Work instructions | Below are some records. Return exactly their lines from the one containing "Alaska Bound_Low.jpg" through the one containing "La Manche de", and drop the pictures.

Available records |

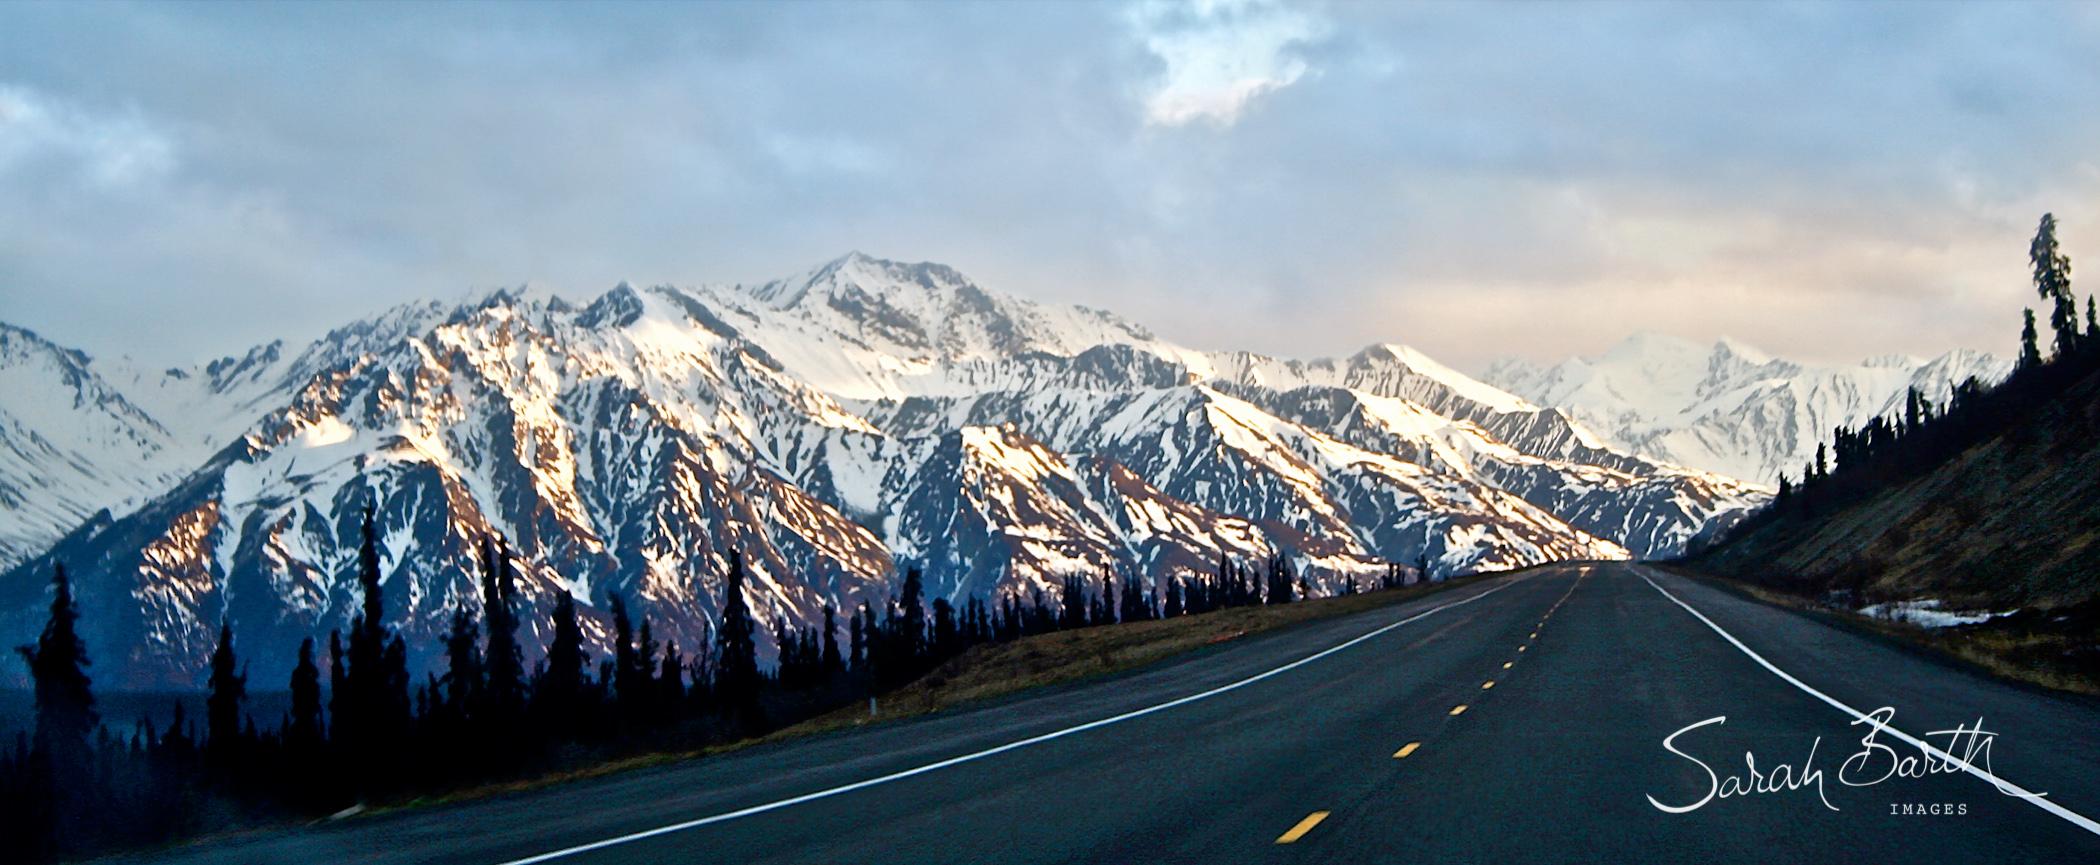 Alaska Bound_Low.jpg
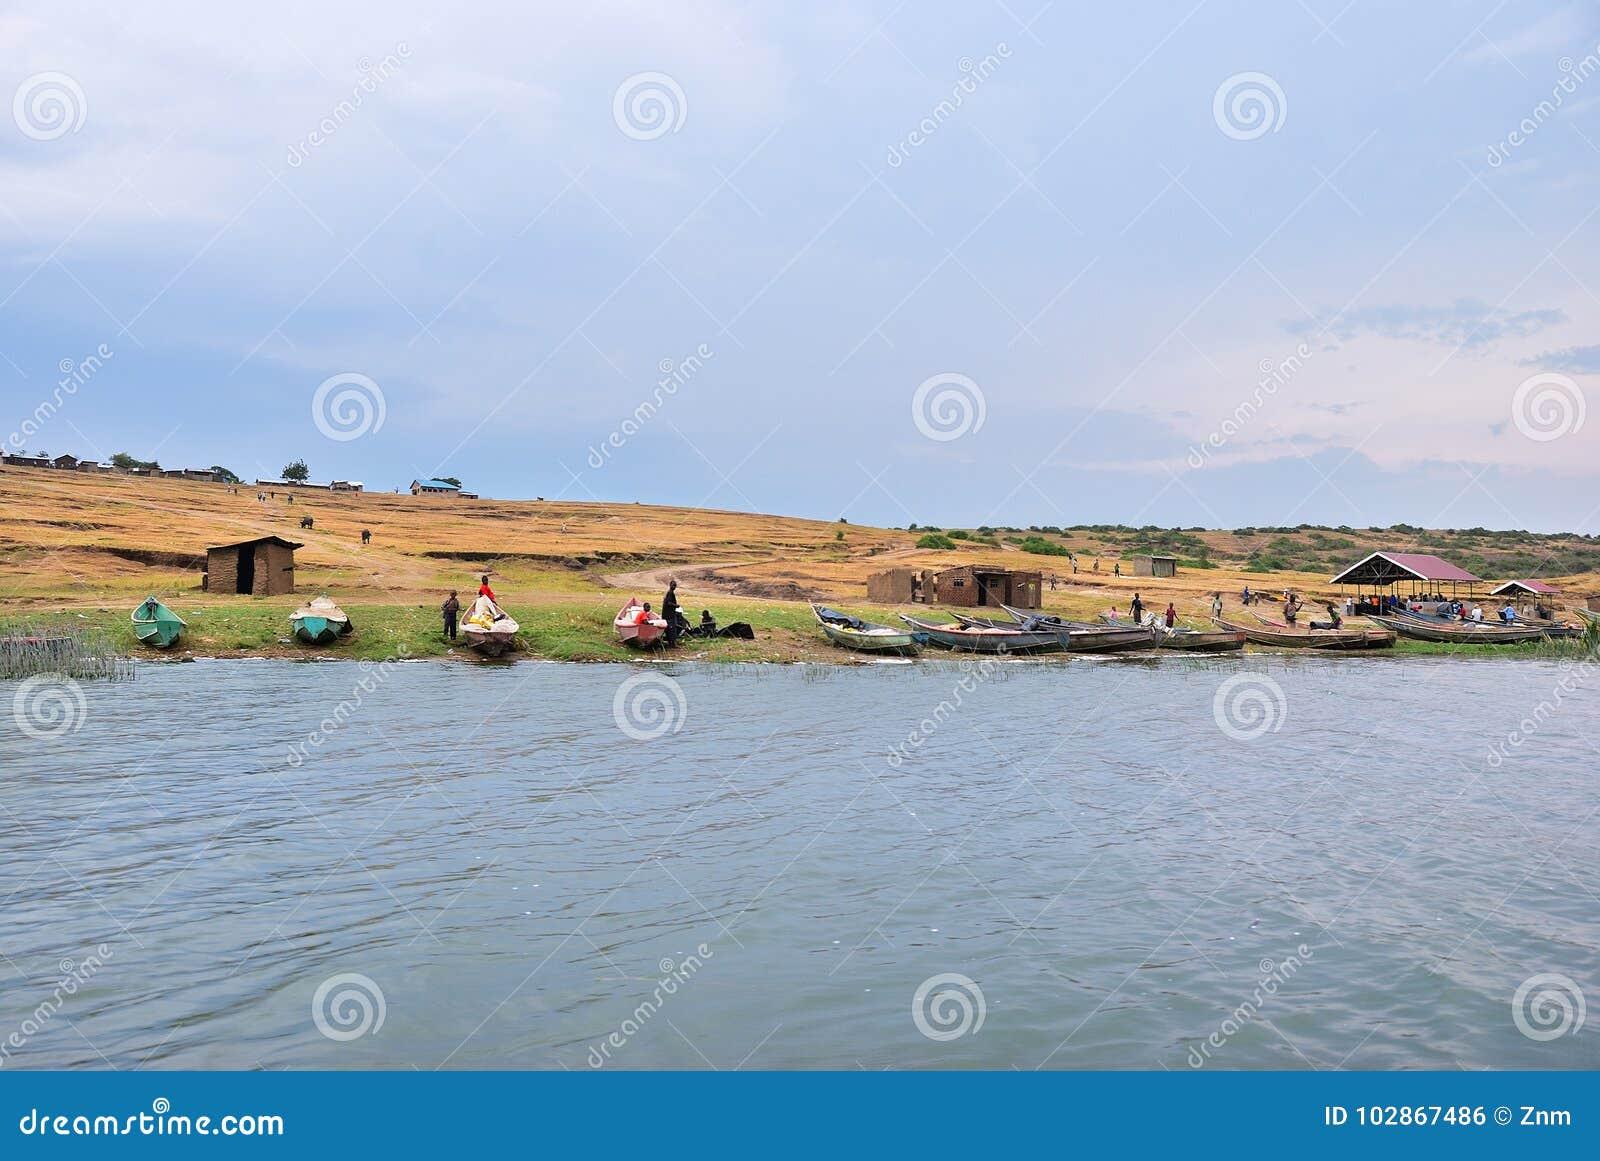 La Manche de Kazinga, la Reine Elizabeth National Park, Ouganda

---

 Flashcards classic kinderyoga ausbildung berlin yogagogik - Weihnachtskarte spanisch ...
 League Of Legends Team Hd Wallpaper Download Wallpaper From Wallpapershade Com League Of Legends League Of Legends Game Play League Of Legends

Finished task |
 Alaska Bound_Low.jpg
 La Manche de Kazinga, la Reine Elizabeth National Park, Ouganda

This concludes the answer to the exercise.